Limited information is available on the acute toxicity of cefixime in humans. In healthy adults who received cefixime in single doses up to 2 g, adverse effects were similar to those seen with usual doses of the drug and included mild to moderate adverse GI effects. If acute overdosage of cefixime occurs, the stomach should be emptied by gastric lavage. Cefixime is not removed in clinically important quantities by hemodialysis or peritoneal dialysis.
Mechanism of Action
Cefixime is usually bactericidal in action. Like other cephalosporins, the antibacterial activity of the drug results from inhibition of mucopeptide synthesis in the bacterial cell wall.
Studies evaluating the binding of cefixime to penicillin-binding proteins (PBPs), the target enzymes of beta-lactam antibiotics, indicate that cefixime has a high affinity for PBPs 3, 1a, and 1b of Escherichia coli. Since PBP 1b is a killing site for beta-lactam anti-infectives, cefixime's high affinity for this site may be a major factor in the drug's potent bactericidal activity against this organism. Cefixime has only low affinity for PBP 2 of staphylococci and little or no affinity for PBP 4 or 5. In vitro studies indicate that low concentrations of cefixime usually cause the formation of filamentous cells in susceptible E. coli or Klebsiella pneumoniae.

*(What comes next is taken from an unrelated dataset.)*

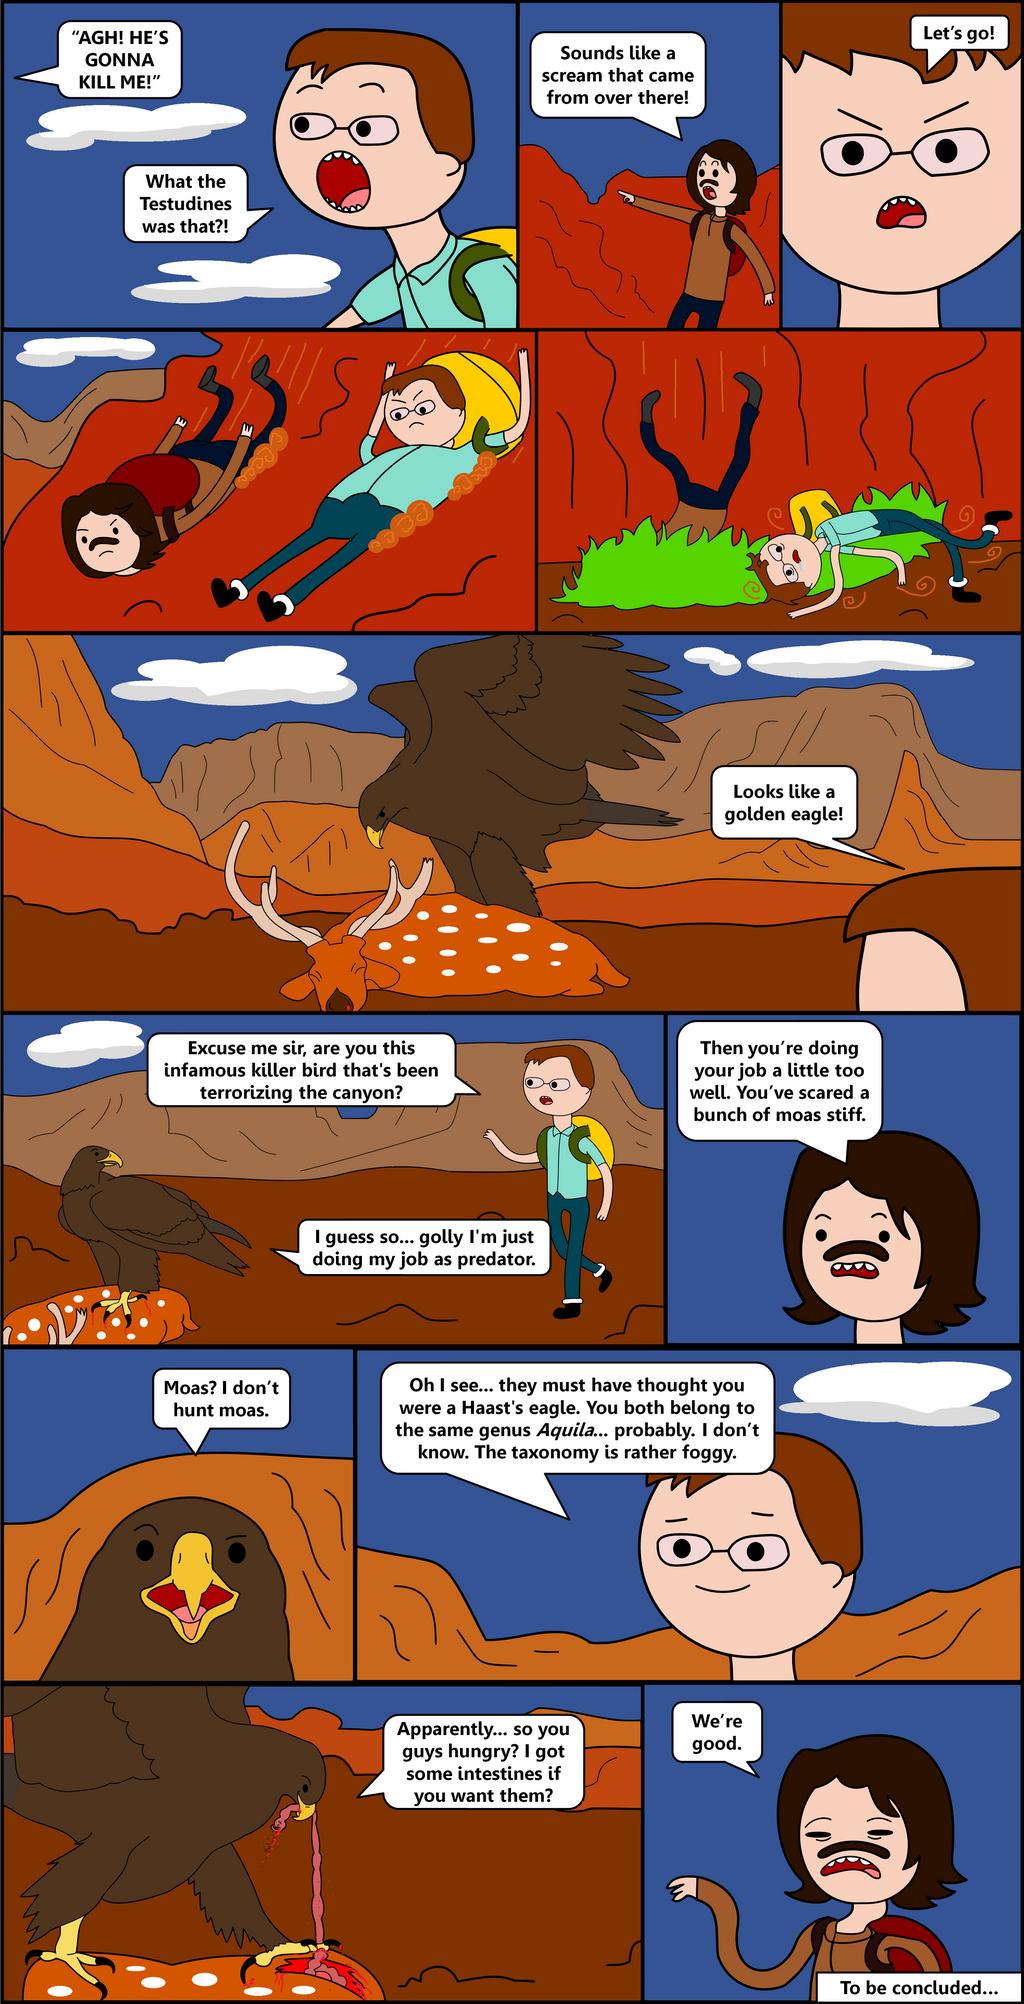 TetZoo Time! - Episode 1 (Comic 4/5) by classicalguy

At higher concentrations, direct lysis of the organisms may occur as well as spheroplast formation and rupture. Following in vitro exposure to cefixime, morphologic changes in beta-lactamase-producing E. coli are the same as those seen in non-beta-lactamase-producing strains of the organism. Lysis occurs in susceptible anaerobic bacteria following in vitro exposure to cefixime.
For most susceptible organisms, the minimum bactericidal concentration (MBC) of cefixime is only 1-4 times higher than the minimum inhibitory concentration (MIC). However, for some strains of Enterobacter, Klebsiella, Morganella, Proteus, Providencia, and Serratia, the MBC may be 9-32 times higher than the MIC.

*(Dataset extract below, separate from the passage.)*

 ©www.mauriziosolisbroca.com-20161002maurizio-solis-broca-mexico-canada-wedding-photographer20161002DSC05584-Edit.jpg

In Vitro Susceptibility Testing
Results of in vitro cefixime susceptibility tests are not usually affected by the pH of the media or the presence of certain cations (e.g., calcium, magnesium, sodium). There generally is little effect on in vitro susceptibility test results when the pH of the media is within the range of 5-8. In vitro activity of cefixime against Enterobacteriaceae is not affected by the presence of urine or serum. Inoculum size may affect in vitro susceptibility to cefixime. MICs of most susceptible organisms are not greatly affected when the size of the inoculum is increased from 103 to 105 colony-forming units (CFU) per mL; however, MICs of some Enterobacteriaceae may be 15-500 times higher when the size of the inoculum is increased from 103 to 107 CFU.
The National Committee for Clinical Laboratory Standards (NCCLS) states that, if results of in vitro susceptibility testing indicate that a clinical isolate is susceptible to cefixime, then an infection caused by this strain may be appropriately treated with the dosage of the drug recommended for that type of infection and infecting species, unless otherwise contraindicated.
Distribution
Information on distribution of cefixime is limited.

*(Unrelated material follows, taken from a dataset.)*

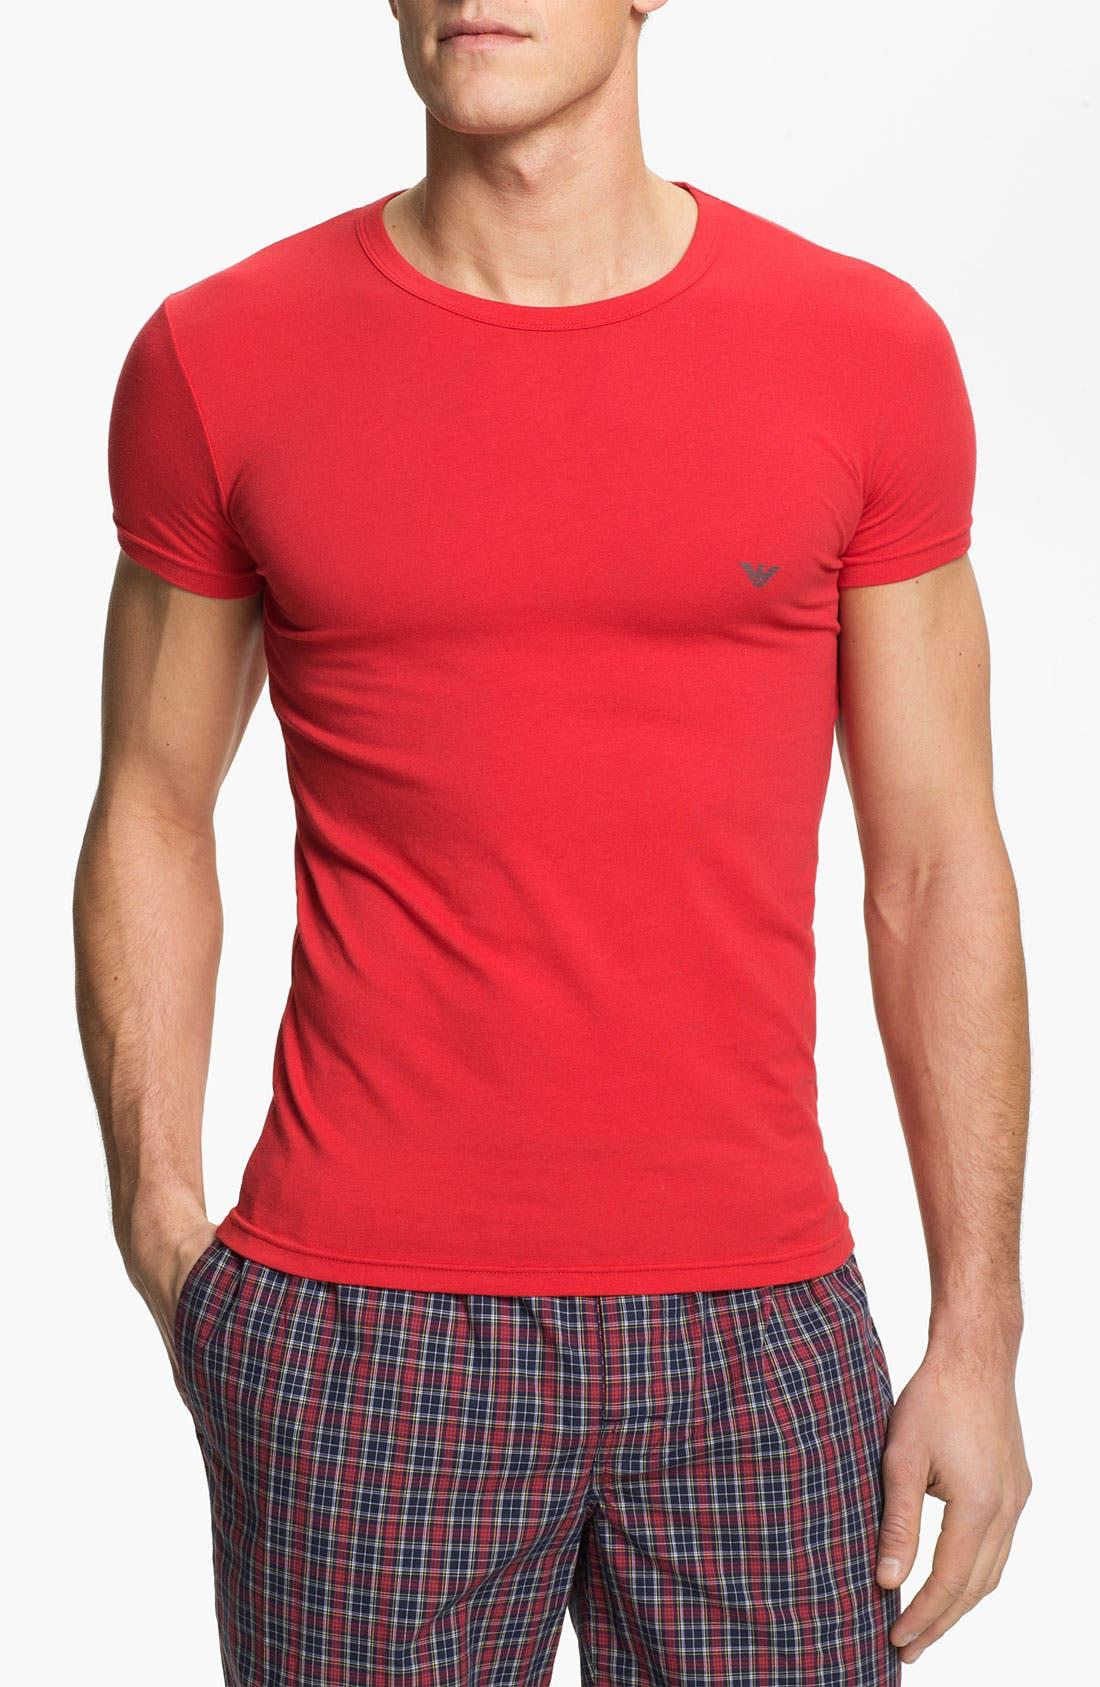 Alternate Image 1 Selected - Emporio Armani 'Eagle' Stretch Cotton Crewneck T-Shirt

Following oral administration, cefixime is distributed into bile, sputum, tonsils, maxillary sinus mucosa, middle ear discharge, blister fluid, and prostatic fluid. Sputum concentrations may be 2-10% of concurrent serum concentrations; in one study, a single 200-mg oral dose of cefixime resulted in sputum concentrations of 0.03-0.12 mcg/mL.
It is not known whether cefixime is distributed into cerebrospinal fluid (CSF) following oral administration.
Stability
Cefixime powder for oral suspension should be stored in tight containers at 59–86°F (15–30°C). After reconstitution, refrigeration of cefixime oral suspension is not required; the suspension should be stored in a tight container and is stable for 14 days at room temperature or when refrigerated, and any unused suspension should be discarded after this period.